She was standing on a small platform; the classroom had quickly been cleared of its desks; a dozen or so pupils deemed the most worthy had been allowed to come and hear the Viscountess speak. They were scraping their shoes on the floor and looking vacantly into space with their large, dull eyes, "like cows," the Viscountess thought, feeling rather annoyed.
She decided to speak directly to them. "My dear girls," she said, "you have been the victims of our country's misfortunes at such a tender age…
One of the girls was listening so attentively that she fell off her wooden stool; the eleven other girls tried to stifle their riotous laughter in their smocks.
The Viscountess frowned and continued more loudly. "You play your childish games. You seem carefree, but your hearts are full of sadness. What fervent prayers you must offer to Almighty God, day and night, begging Him to take pity on our dear suffering France!"
She paused and nodded curtly to the teacher who had just come in: she was a woman who did not attend Mass and who had buried her husband in a civil ceremony; according to her pupils she hadn't even been baptised, which seemed not so much scandalous as unbelievable, like saying someone had been born with the tail of a fish. As this person's conduct was irreproachable, the Viscountess hated her all the more: "because," she explained to the Viscount, "if she drank or had lovers, you could understand her lack of religion, but just imagine, Amaury, the confusion that can be caused in people's minds when they see virtue practised by people who are not religious."
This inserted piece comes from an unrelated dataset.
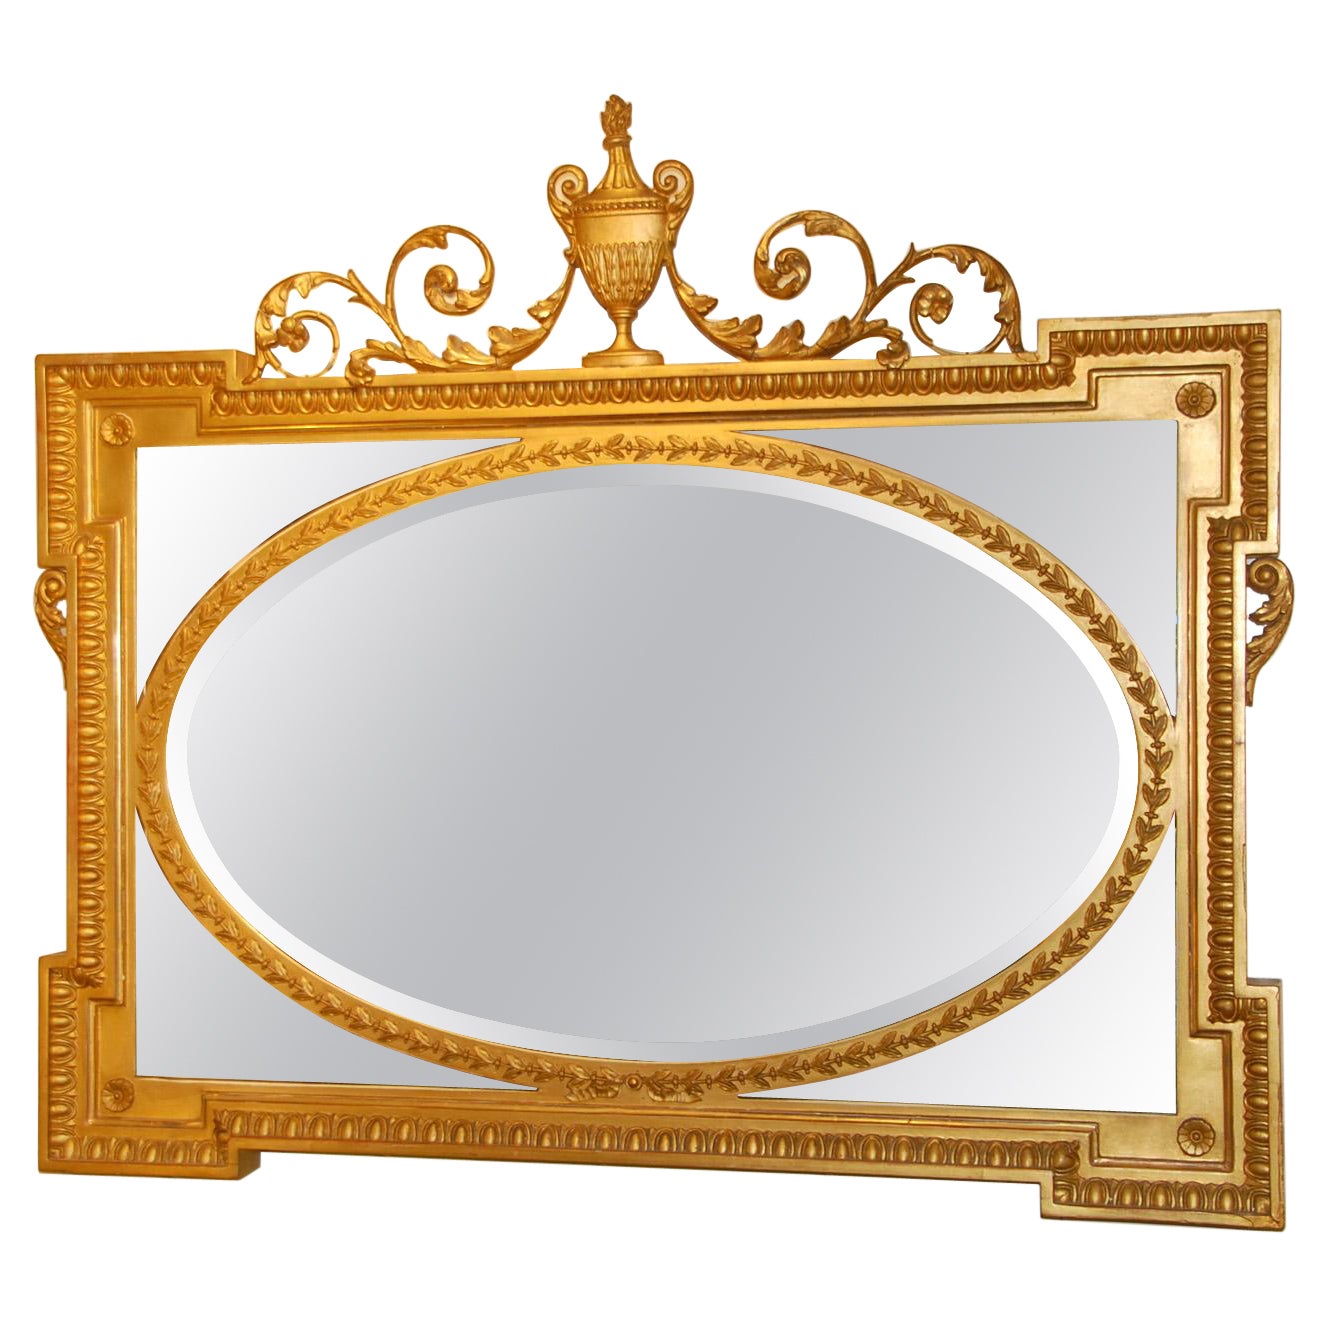 English Edwardian Gold Mirror with Urn and Trailing Leaves Surmounting the Frame For Sale

The presence of this teacher was so odious to the Viscountess that her voice took on the same burning passion that seeing the enemy stirs in our hearts, and it was with true eloquence that she continued, "But our prayers, our tears are not enough. I say this not only to you; I say it to your mothers. We must be charitable. But what do I see? No one is charitable; no one puts other people first. I am not asking you for money; alas, money doesn't mean very much any more," the Viscountess said with a sigh, remembering she had spent 850 francs on the shoes she was wearing (fortunately, the Viscount was the local Mayor and she had coupons for shoes whenever she pleased). "No, it isn't money, it's food I want to send in these packages to our prisoners of war, food we have in such abundance in this region. Each one of you is thinking of your own relatives, your husband, son, brother, father who is a prisoner, and nothing is too much for them; you send them butter, chocolate, sugar, tobacco, but what about the men who have no families? Oh, ladies, think of it, just imagine the state of these poor wretches who never receive any packages, never receive any letters! Come now, what could you do for them? I'll collect all the donations, I'll sort them all out; I'll send them to the Red Cross to distribute them to the different Stalags. What do you say, ladies?"
They said nothing; the farmers' wives looked at the village ladies, who pursed their lips and stared back at them.
"Come along now, I'll start," said the Viscountess sweetly. "I have an idea: we could send a letter written by one of the children here in the next package. A letter that in simple, touching words would reveal their hearts and express their sorrowful, patriotic feelings. Just think," the Viscountess continued in an impassioned voice, "just think of the joy a poor abandoned soldier will feel when he reads those words, when he can almost touch, in a way, the very soul of his country; their words will remind him of the men, the women, the children, the trees, the houses of his dear little home, and as the poet said, loving our home makes us love our country even more. But most of all, my children, let your hearts speak. Do not aim for stylistic effect: forget your letter-writing skills and speak from the heart. Ah, the heart," said the Viscountess, half closing her eyes, "nothing beautiful, nothing great is accomplished without heart. You could put a little flower from the fields in your letter, a daisy or a primrose… I don't think that would be breaking any rules. Do you like that idea?" the Viscountess asked, tilting her head slightly and smiling graciously. "Come, now, I've talked enough. It's your turn."
The notary's wife, a woman with hard features and a slight moustache, said sharply, "It's not that we don't want to spoil our dear prisoners. But what can we poor villagers do? We have nothing. We don't have enormous estates like you, Viscountess, or big farms like the country folk. We can barely feed ourselves. My daughter just gave birth and can't even get any milk for her baby. Eggs cost two francs each, if you can find any."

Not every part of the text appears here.